TASK — Type out the whole listing again exactly, pictures omitted.

DATASET EXCERPT —
⁂
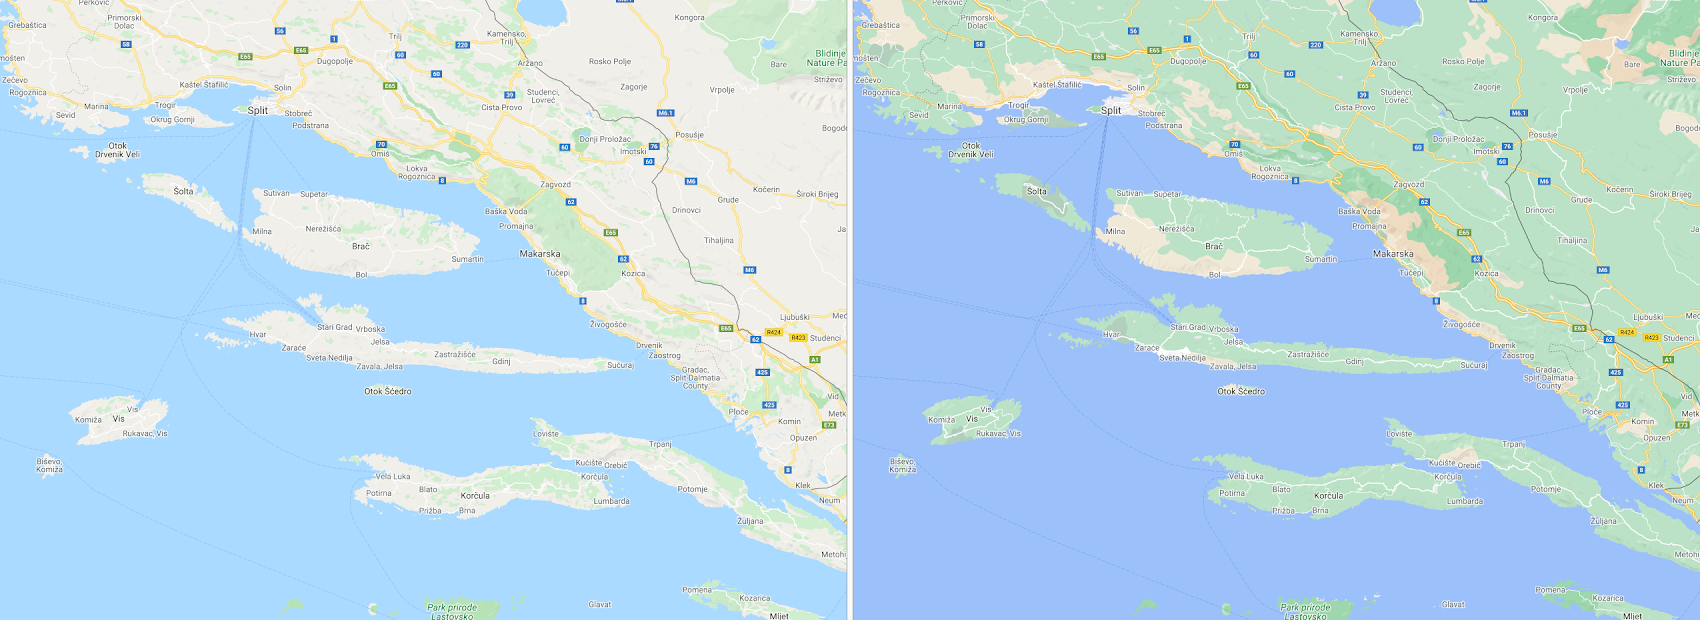 Croatia New Map Styling
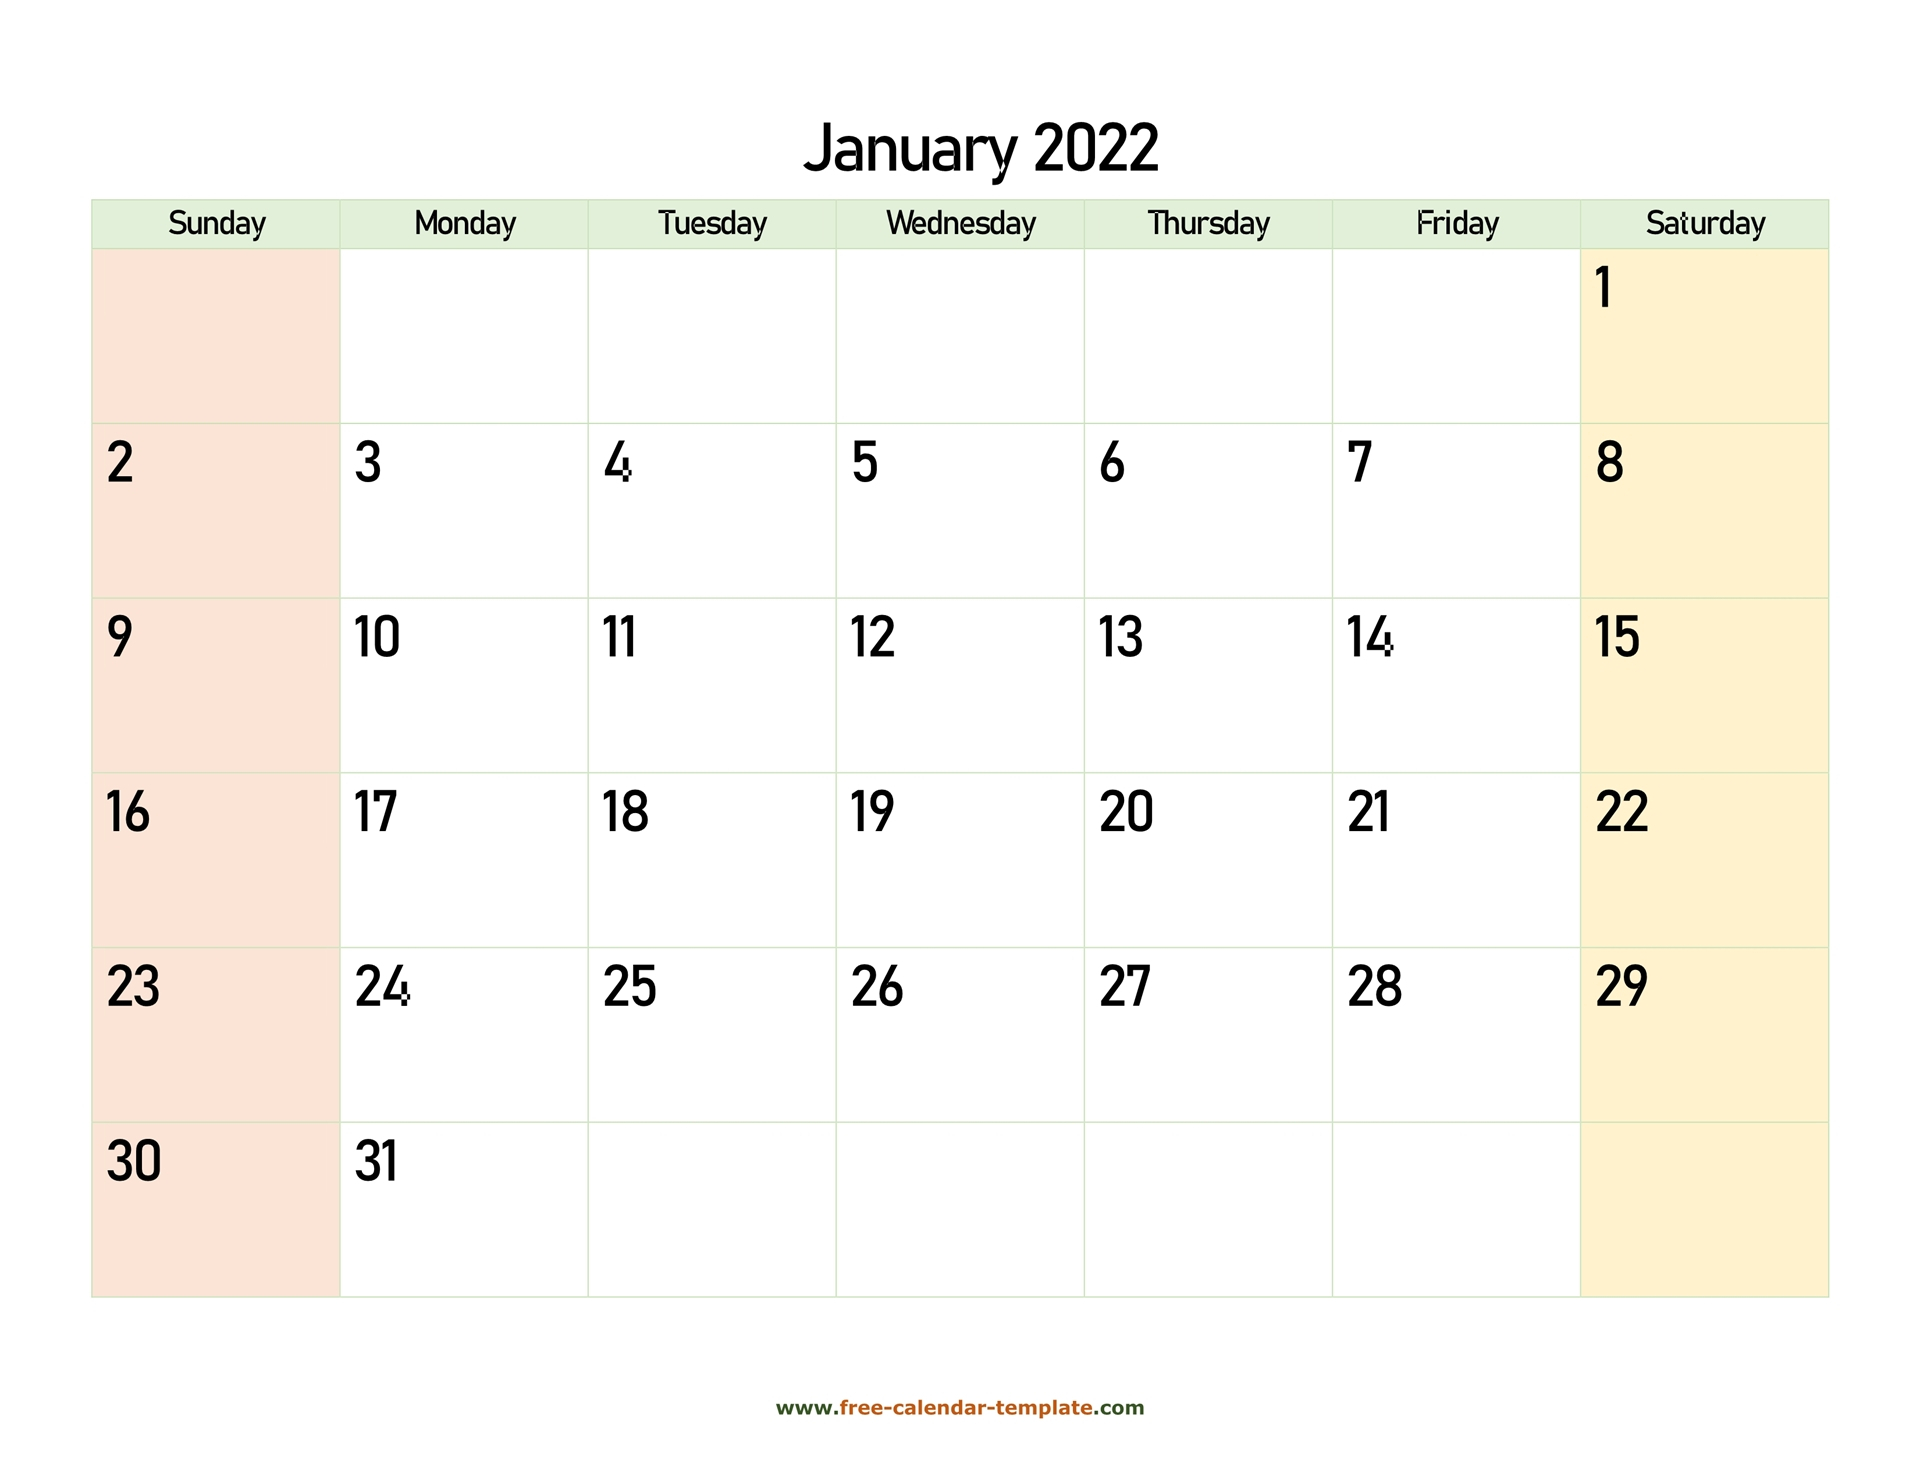 Catch Free Calendar For January 2022
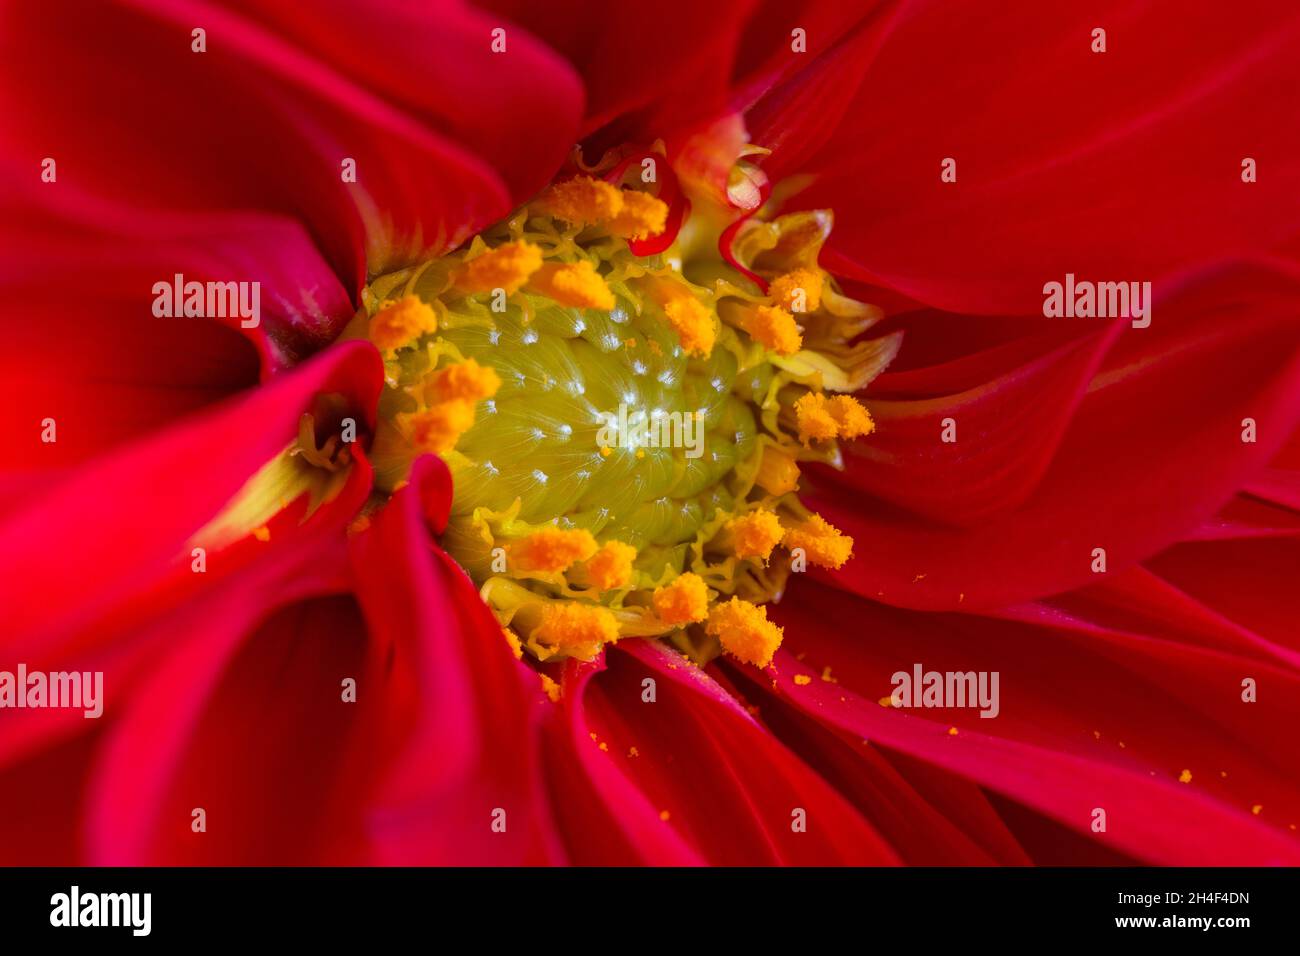 Red center of pink beautiful dahlia flower showing fibonacci pattern Stock Photo
⁂
RESPONSE TO THIS TASK —
 Croatia New Map Styling
 Catch Free Calendar For January 2022
 Red center of pink beautiful dahlia flower showing fibonacci pattern Stock Photo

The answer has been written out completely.